This week all eyes and ears will be focused on the Federal Reserve’s policy statement to be released at 2:00 pm ET Thursday. The Fed has three major paths they can take, with various permutations and combinations flowing off the base scenarios:

  • No change to interest rates, but a much more hawkish statement hinting “we are raising rates before the end of the year. It is coming, so get ready”.
  • A small increase in interest rates accompanied by a “we plan to move very, very slowly going forward” statement.
  • No change in rates and no significant change to the “it is data dependent” statement.
  • Which Way Is The Market Leaning?

    Markets make decisions based on the data in hand and based on future expectations. Obviously, the Fed can change the data in hand, which in turn can change expectations. Having said that, what is the market’s current read heading into the Fed decision? For the answer, we review numerous risk-on vs. risk-off ratios in this week’s stock market video. The charts speak for themselves.

    After you click play, use the button in the lower-right corner of the video player to view in full-screen mode. Hit Esc to exit full-screen mode.

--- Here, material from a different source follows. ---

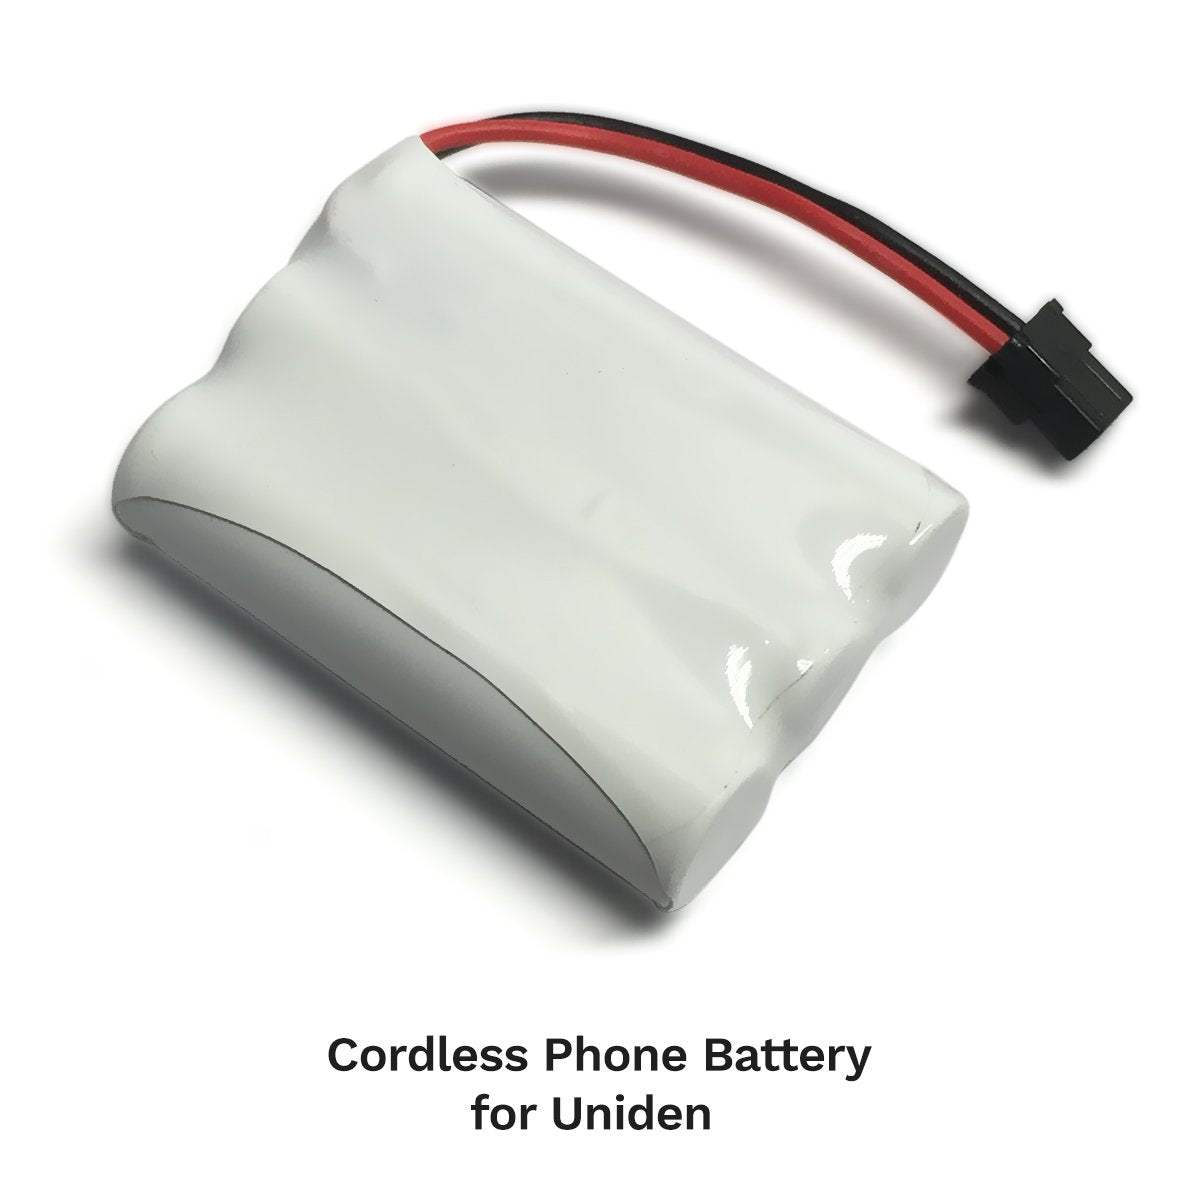 Uniden DCT738-2 Cordless Phone Battery
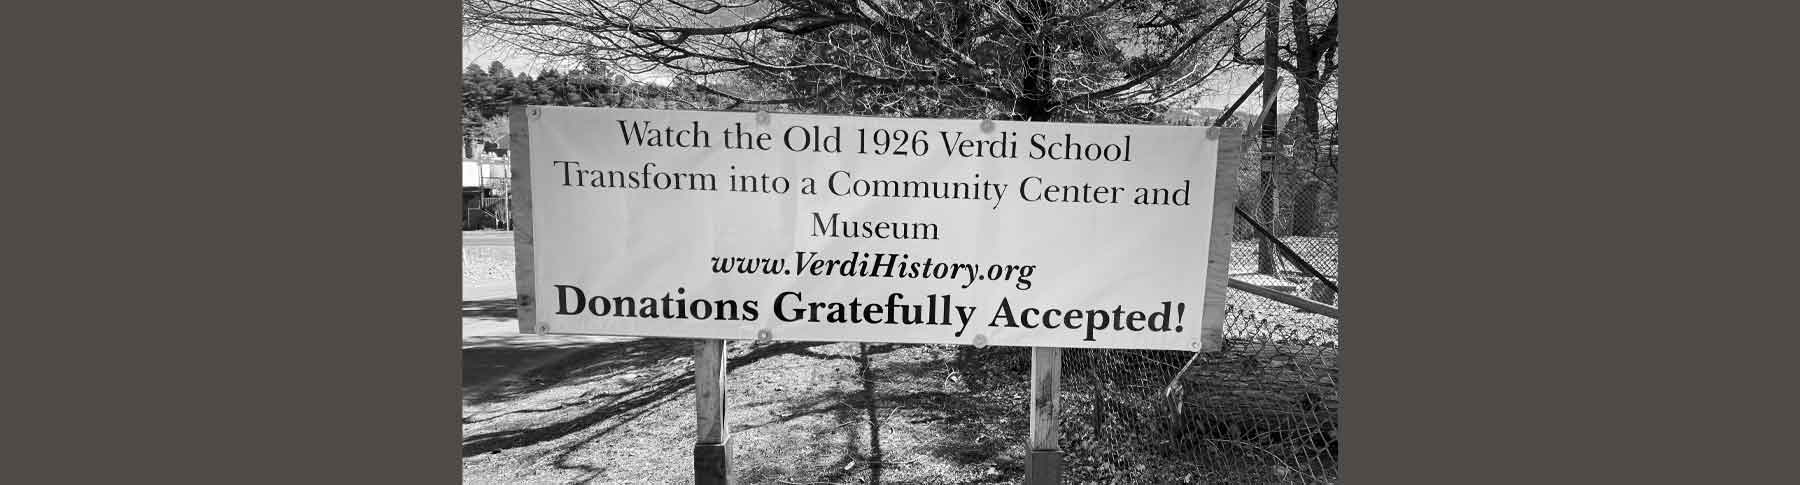 The 1926 Verdi School Restoration Project circa2020-donation sign

    Why The Fed Will Not Wait Indefinitely

    Whether or not the Fed hikes this week probably falls into coin-toss territory. At first blush, it seems reasonable to ask “what is the big hurry?”. The Fed’s concern is not about current inflation, but rather future inflation. From Bloomberg:

    Fischer, whom Fed Chair Janet Yellen has said she relies on in mapping out policy, made a similar point much more recently. “There is always uncertainty and we just have to recognize it,” he told CNBC television on Aug. 28. Asked if the Fed should delay an increase until it had an “unimpeachable case” that a move was warranted, Fischer replied, “If you wait that long, you will be waiting too long.” Fischer made much the same point at Stanford University on March 14, 2014. “We tend to underestimate the lags in receiving information and the lags with which policy decisions affect the economy,” he said in a speech, titled Lessons from Crises, 1985-2014. “Those lags led me to try to make decisions as early as possible, even if that meant there was more uncertainty about the correctness of the decision than would have been appropriate had the lags been absent,” he added.